Cannabis : de simples amendes pour les consommateurs ?

Un rapport parlementaire récemment rendu public préconise la mise en place d'une contravention ou d'une amende forfaitaire à l'encontre des consommateurs de cannabis. Si les syndicats de police y sont largement favorables, les magistrats appellent à la prudence.

Une simple amende pour les consommateurs ? C'était une promesse de campagne d'Emmanuel Macron. Partant du constat que nous sommes en France le plus gros consommateur de cannabis d'Europe alors que nous avons un des appareils législatifs les plus sévères, les deux parlementaires à l'origine du texte ont décidé d'abandonner l'idée du tout répressif. Si la proposition parlementaire séduit les syndicats de police, les magistrats eux, ne voient pas forcément d'un bon œil cette potentielle simplification des procédures. Aujourd'hui, les forces de l'ordre indiquent perdre beaucoup de temps avec des procédures qui pour la plupart, ne mènent pas à grand-chose. En principe, consommer du cannabis est passible d'une peine d'un an de prison et de 3750€ d'amende, en principe seulement. Dans les faits, les punitions sont rarement aussi sévères. "Ça permettrait de dégager beaucoup de temps à nos groupes d'enquête pour se focaliser sur le trafic", explique Hervé D'Eyssautier d'Alternative Police. Bien souvent, lorsque de petites quantités sont trouvées, le produit est simplement détruit. "Avec des quantités un peu plus importantes, on engage une procédure simplifiée et on auditionne la personne. Quand il y a de vraiment grosses quantités, c'est la garde à vue. Mais c'est très rare", confie le policier. Pour l'heure, le rapport fait état de deux solutions : une amende forfaitaire ou bien une simple contravention. Si les syndicats ne croient pas en la mise en place de la première, ils se disent favorables à la seconde. "Une contravention permettrait d'aller au plus rapide. Appréhender la personne et lui dresser une amende sur place", indique le syndicaliste.

150 à 200€ pour un "chichon"

Si aucun montant n'est encore précisément défini, le rapport préconise des amendes d'environ 150 à 200€. Pour le secrétaire général de l'Union Syndicale des Magistrats (USM), aller dans ce sens serait une erreur. "Cette proposition ne nous paraît pas apporter la bonne solution. Cela exclurait la possibilité d'amener les individus en garde à vue. Or, la plupart des démantèlements de réseaux commencent par la" indique le magistrat. D'autre part, cela enverrait selon lui "un mauvais message à la société, celui de faire croire que l'usage de ces drogues n'est finalement pas très grave". Stéphane Bouillon, le préfet du Rhône et de la région Auvergne-Rhône-Alpes s'est également prononcé sur le sujet lors de ses vœux à la presse, en faveur de la proposition. "Arrêter une personne avec un chichon engorge les tribunaux et abouti à les faire travailler pour rien.

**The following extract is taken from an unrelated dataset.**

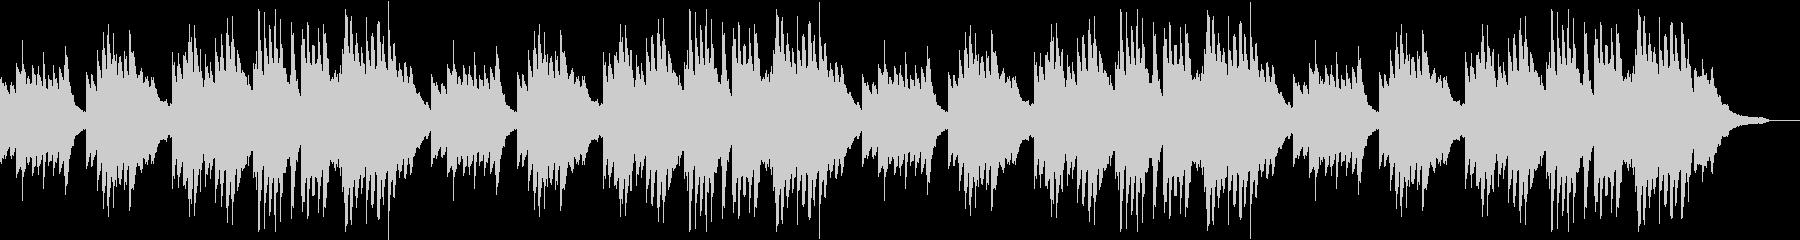 豊かな和音のうららかな秋のピアノBGMの未再生の波形

Avec une sanction immédiate, les forces de police pourraient se concentrer sur autre chose", a-t-il déclaré. Aussi, il est important de rappeler qu'en cas de récidive, la législation actuelle s'appliquera. Pas question, comme certains observateurs l'ont pointé, pour un consommateur fortuné de se "payer" le droit de fumer du cannabis. Il en va de même pour la conduite sous stupéfiants, qui reste très sévèrement punie par la loi.

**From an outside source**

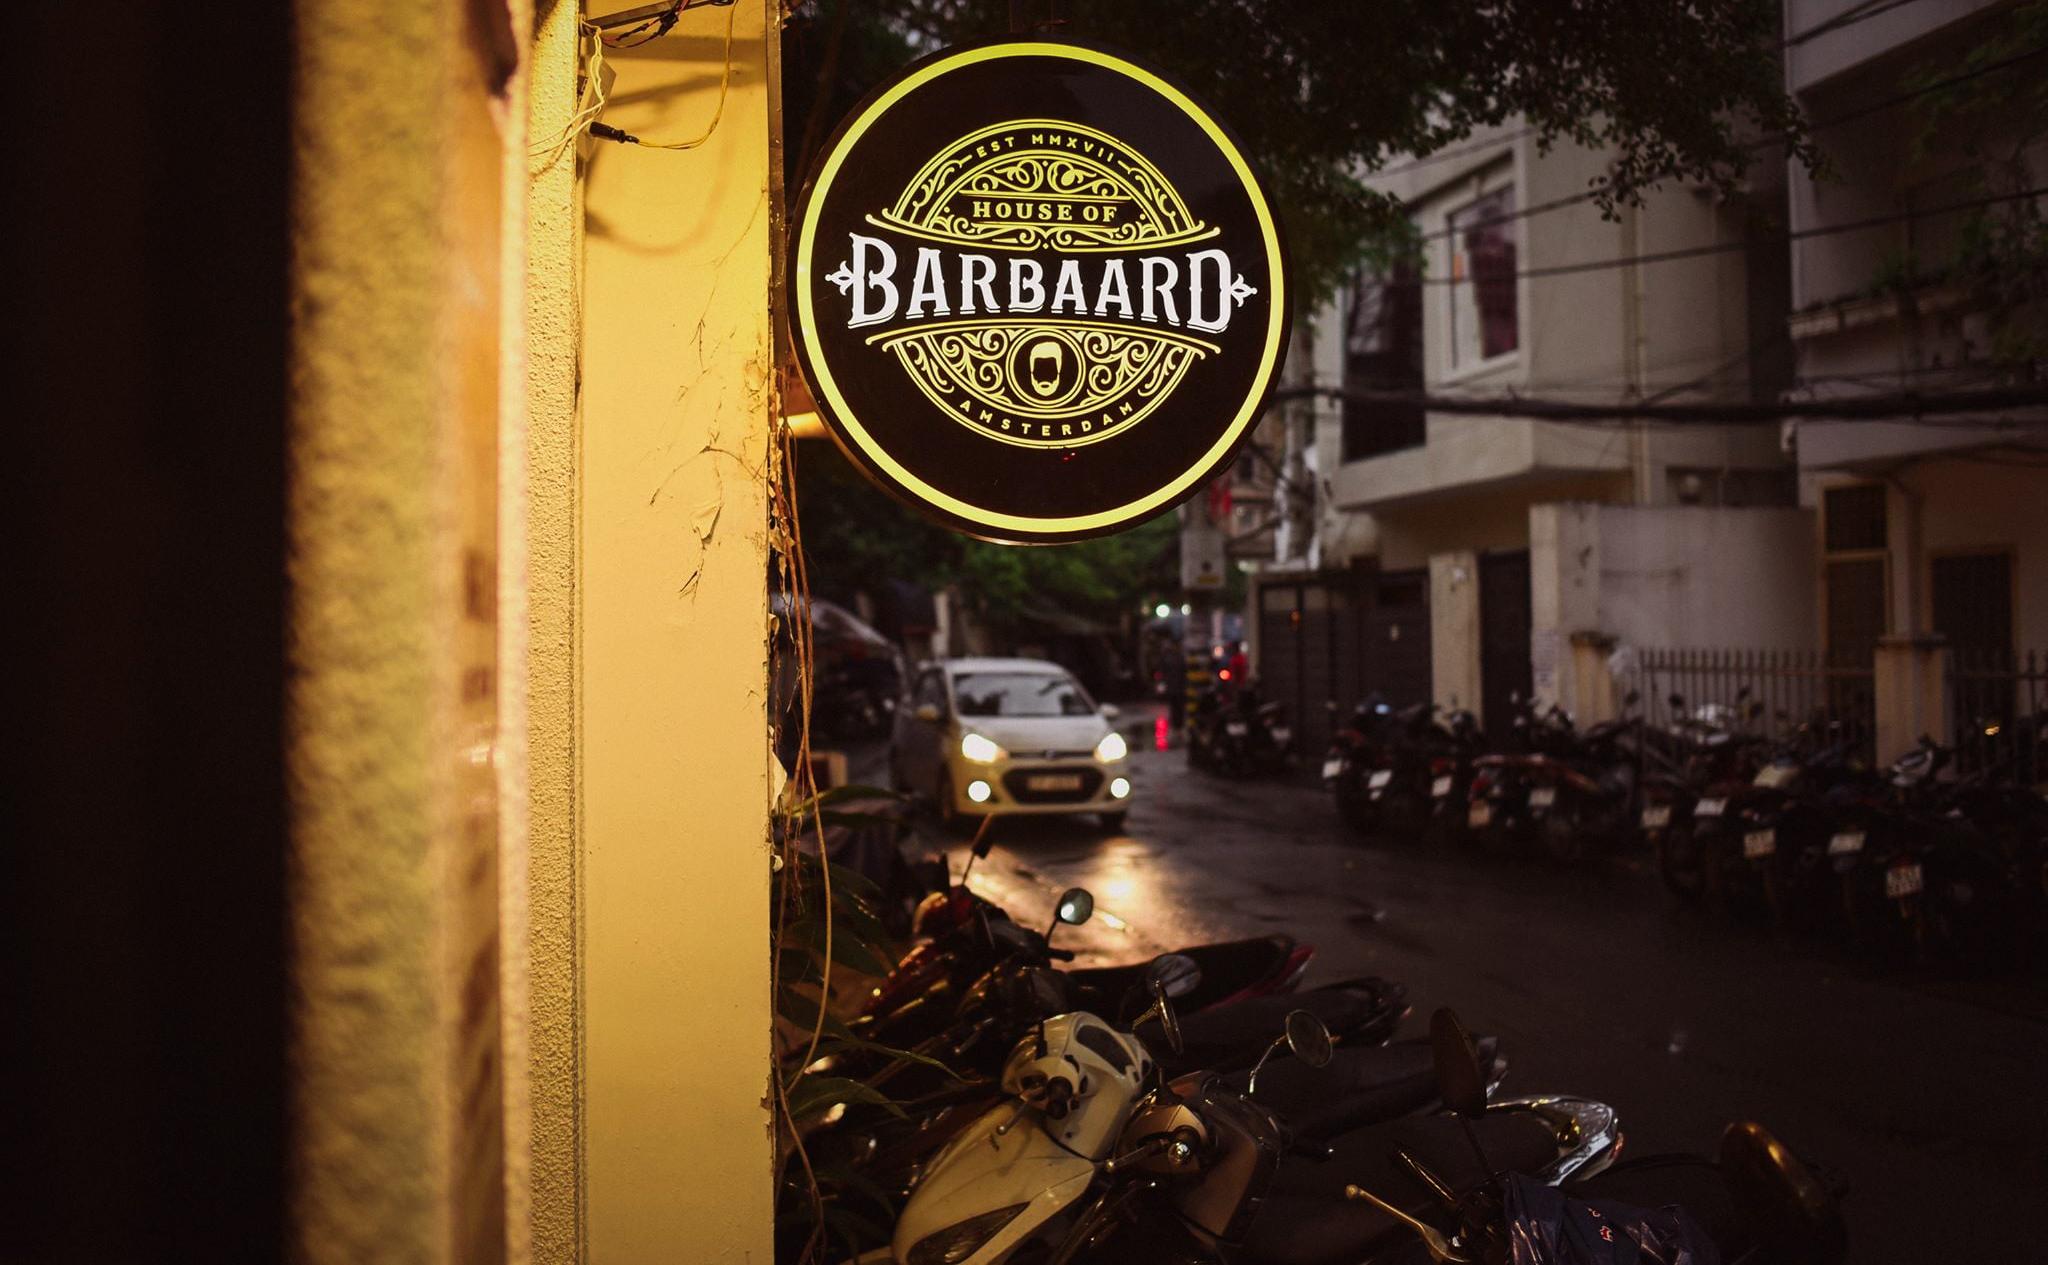 House of Barbaard barbershop & bar

Vers une législation à l'américaine ?

Contre cette proposition, le Syndicat de la Magistrature l'est aussi, mais pas pour les mêmes raisons. Comme l'explique sa présidente : "On est dans un amateurisme du gouvernement. Une telle mesure ne permettrait pas de mieux lutter contre les dommages sociaux et sanitaires. Ce serait vider la mer à la petite cuillère". Le syndicat, qui se positionne en faveur d'une légalisation totale assortie d'un monopole d'État sur le cannabis interroge, "de très nombreux pays dans le monde adoptent des législations plus souples, pourquoi continuer de faire cavalier seul en France ?". Avis partagé par la branche française de la National Organization for Regulation of Marijuana Laws (NORML), une association toute droit venue des États-Unis où elle a pesé lourd dans la légalisation promulguée par certains états. "Cette mesure est un premier pas vers l'ouverture d'un débat, mais clairement elle ne va pas assez loin. La régulation permet de contrôler et d'assainir la consommation. La répression est contreproductive". Un second rapport devrait bientôt voir le jour pour préciser la direction que souhaite prendre le gouvernement sur le sujet.